## Directions for this task
Leave out the pictures and output exactly the lines below from the one with "Ulysses and the" down to the one with "Fun coloring tank for children 4-5 years old", both of them included.

___ Supplied data

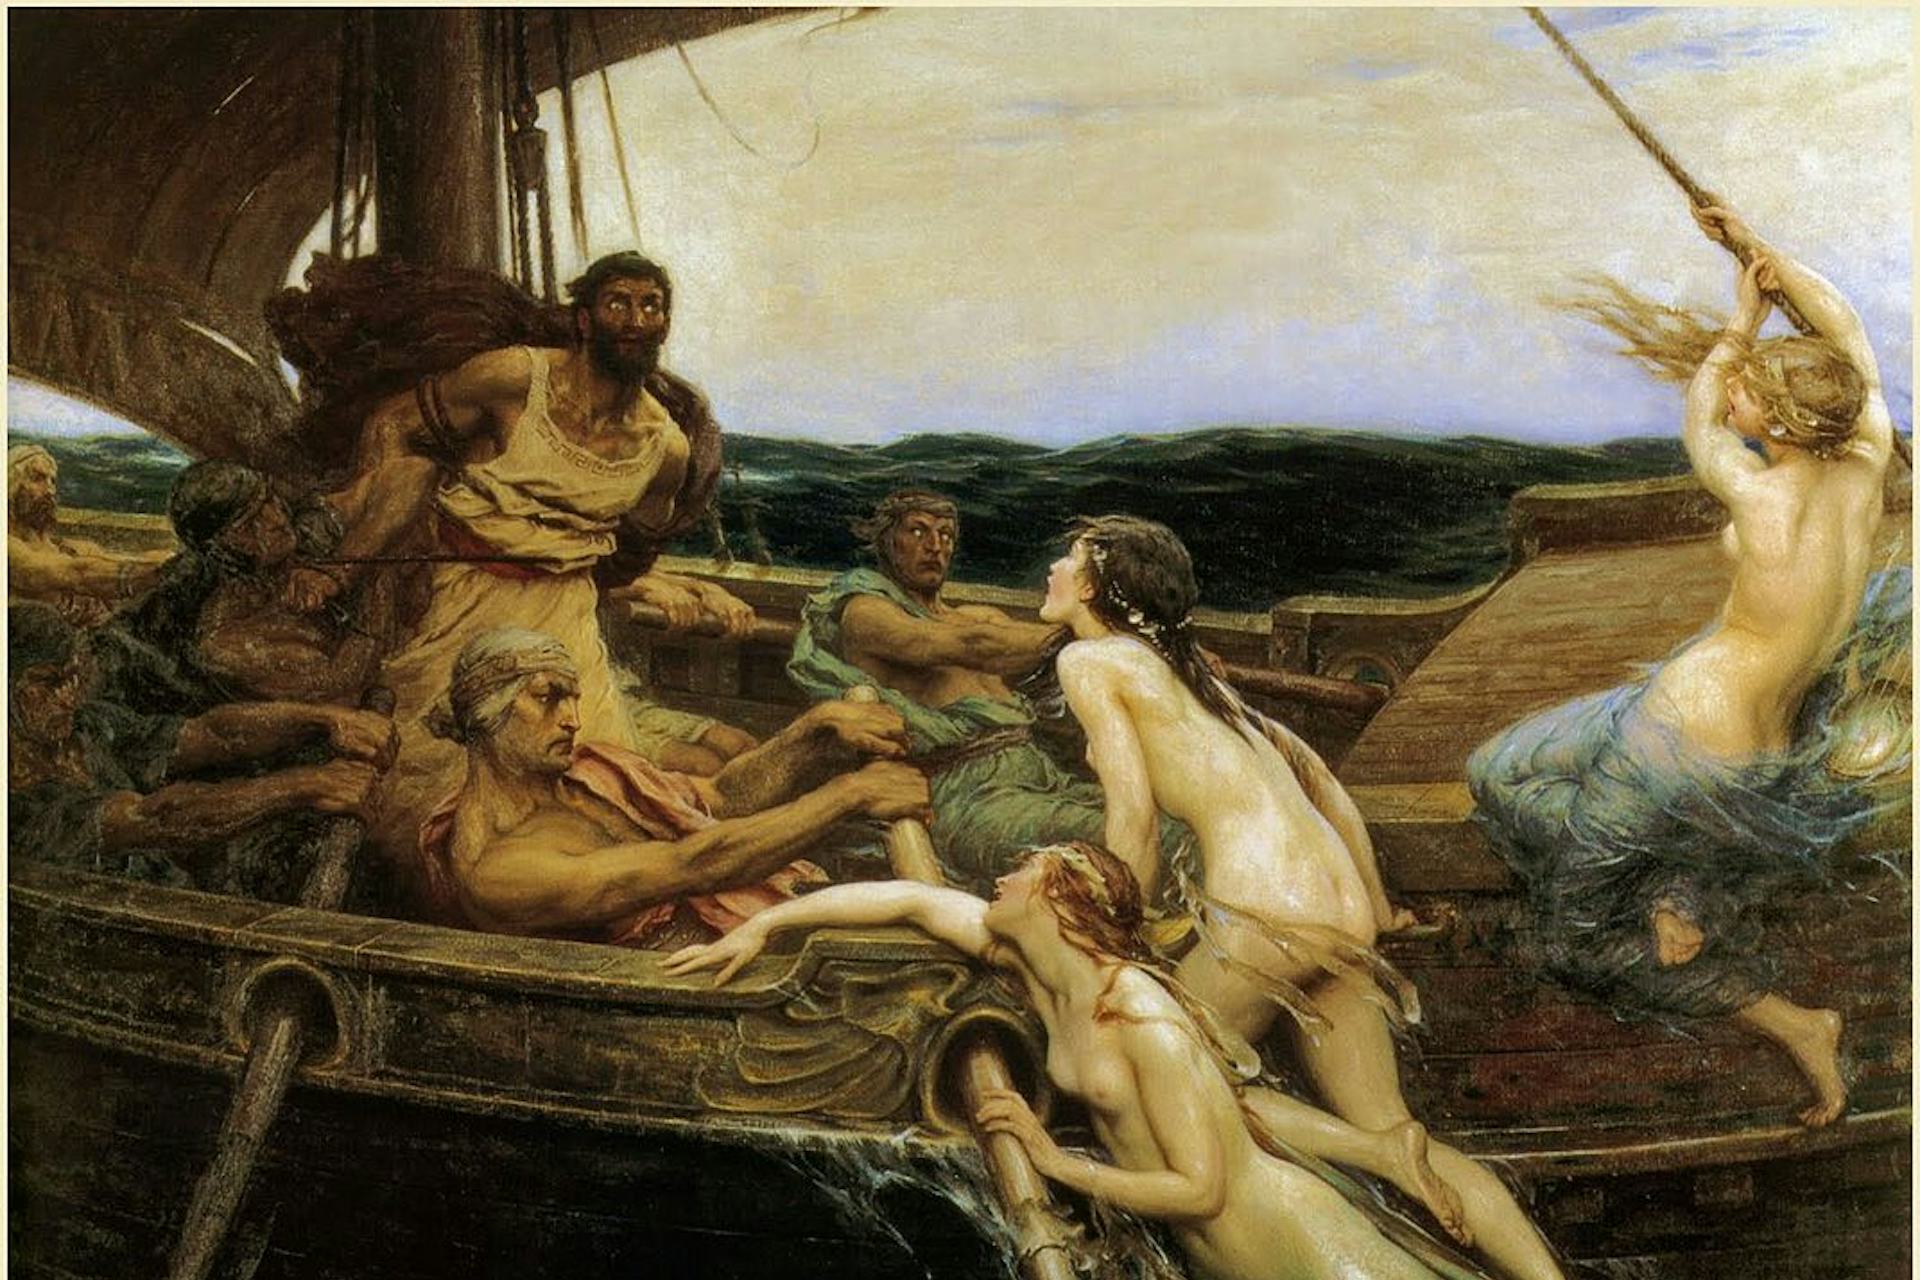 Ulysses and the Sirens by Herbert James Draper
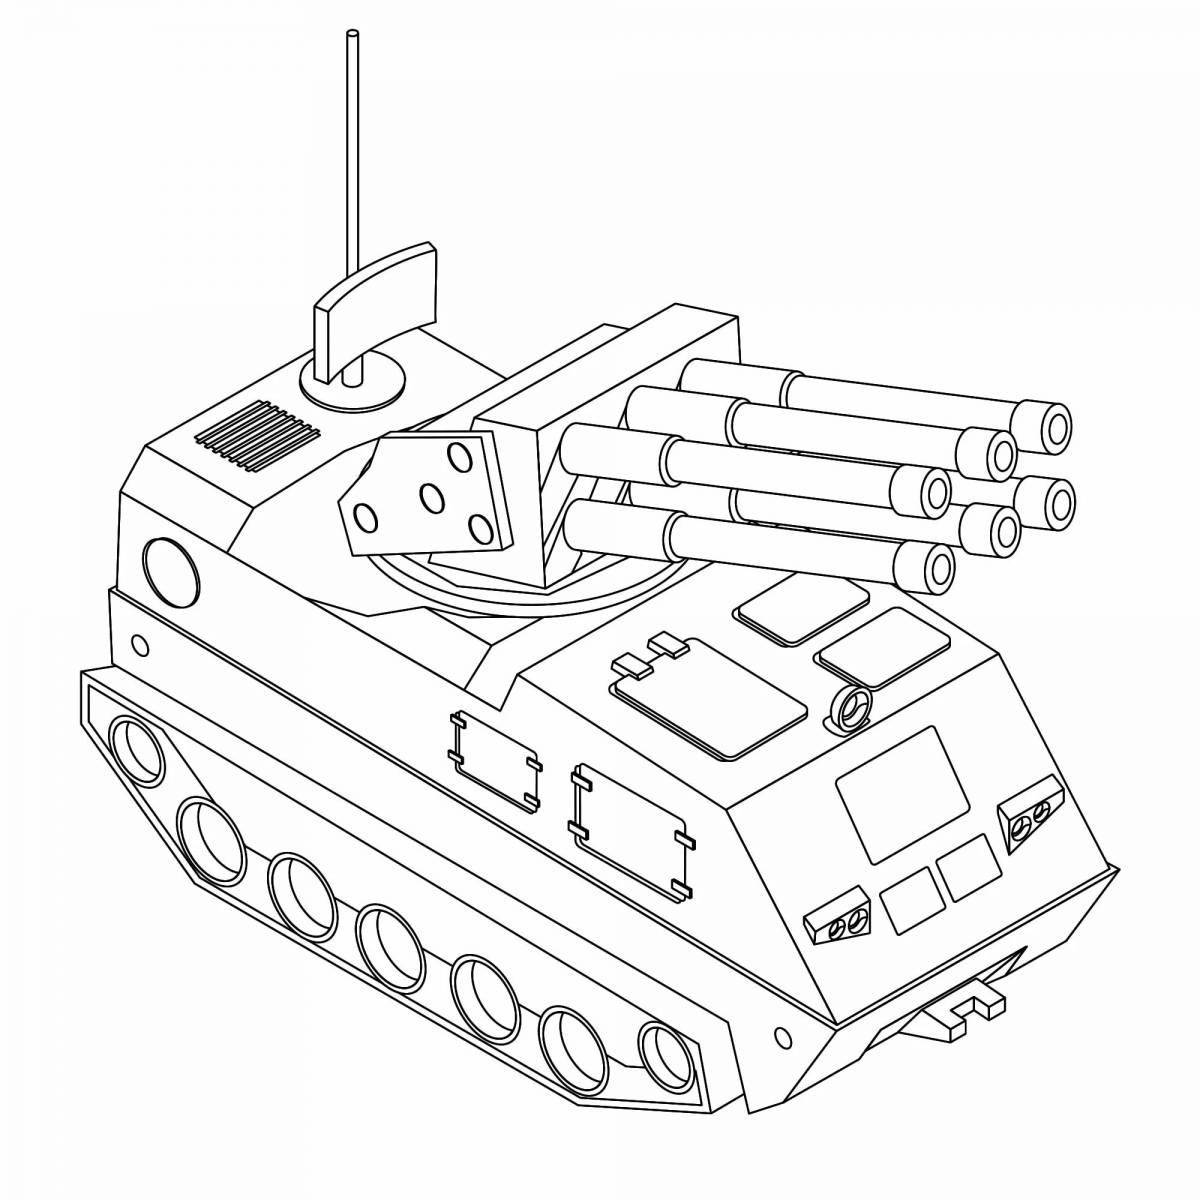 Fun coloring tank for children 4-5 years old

______
___ Supplied data

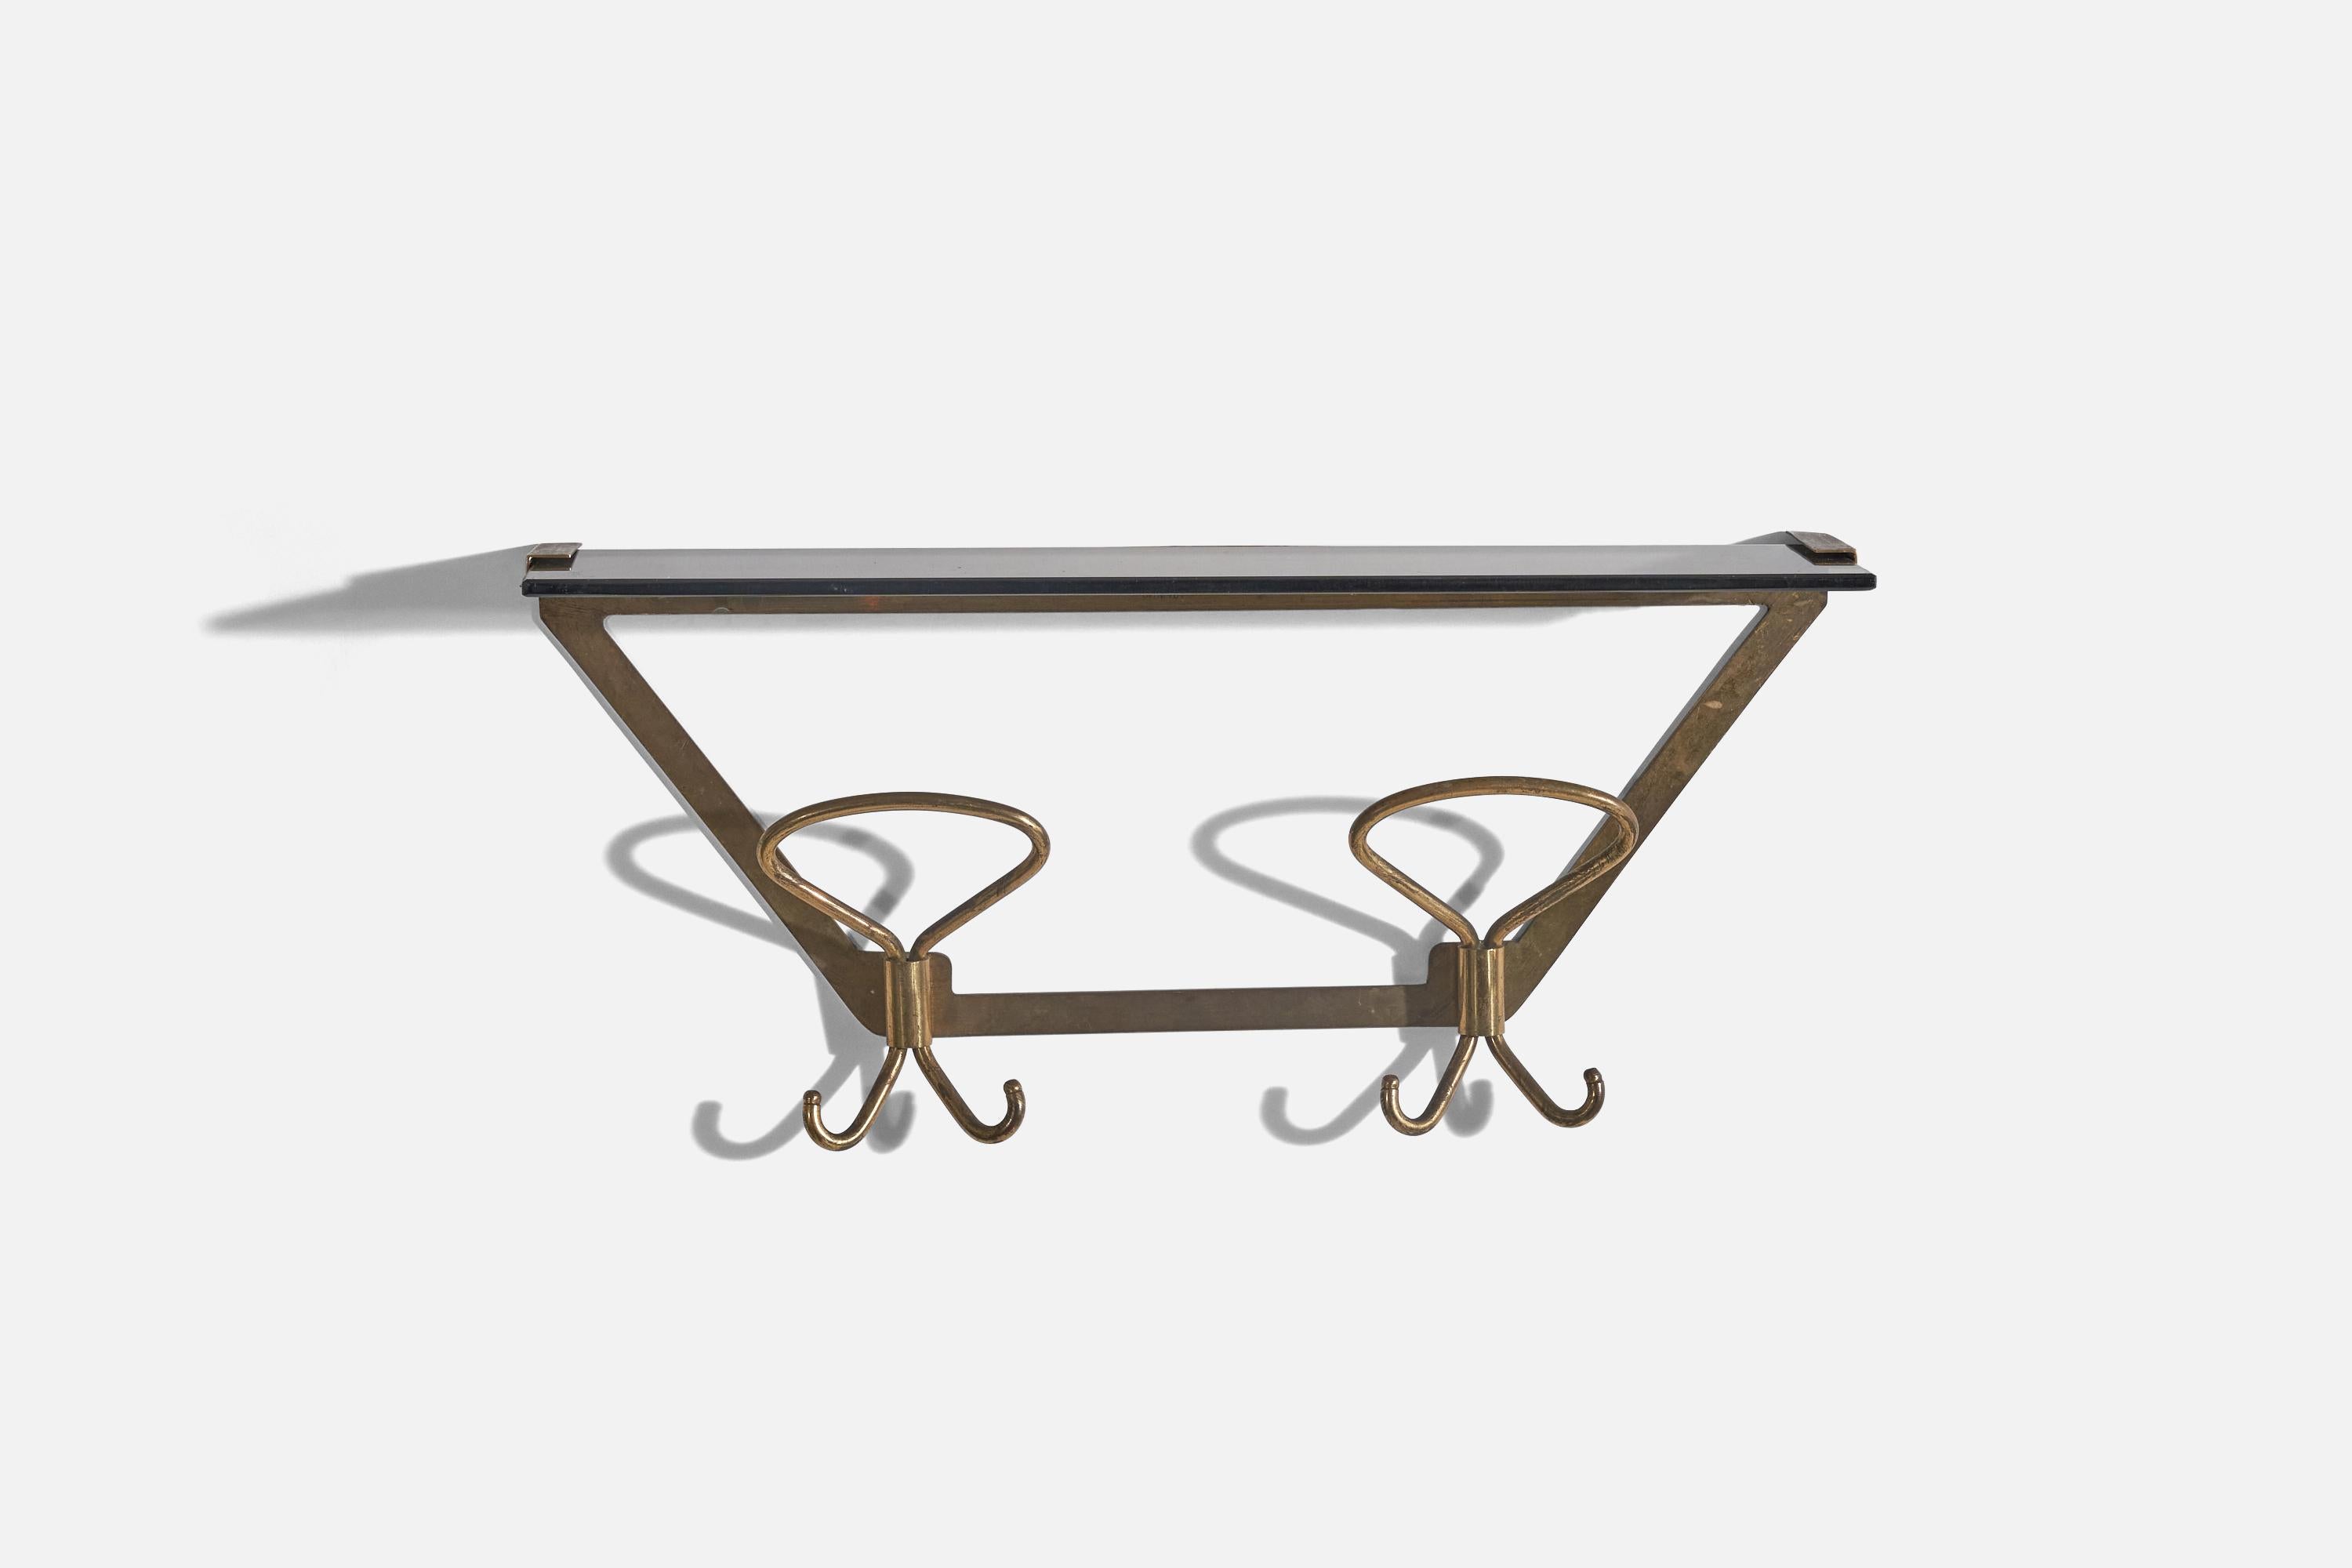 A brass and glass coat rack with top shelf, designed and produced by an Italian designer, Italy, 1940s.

______

## Exercise answer
 Ulysses and the Sirens by Herbert James Draper
 Fun coloring tank for children 4-5 years old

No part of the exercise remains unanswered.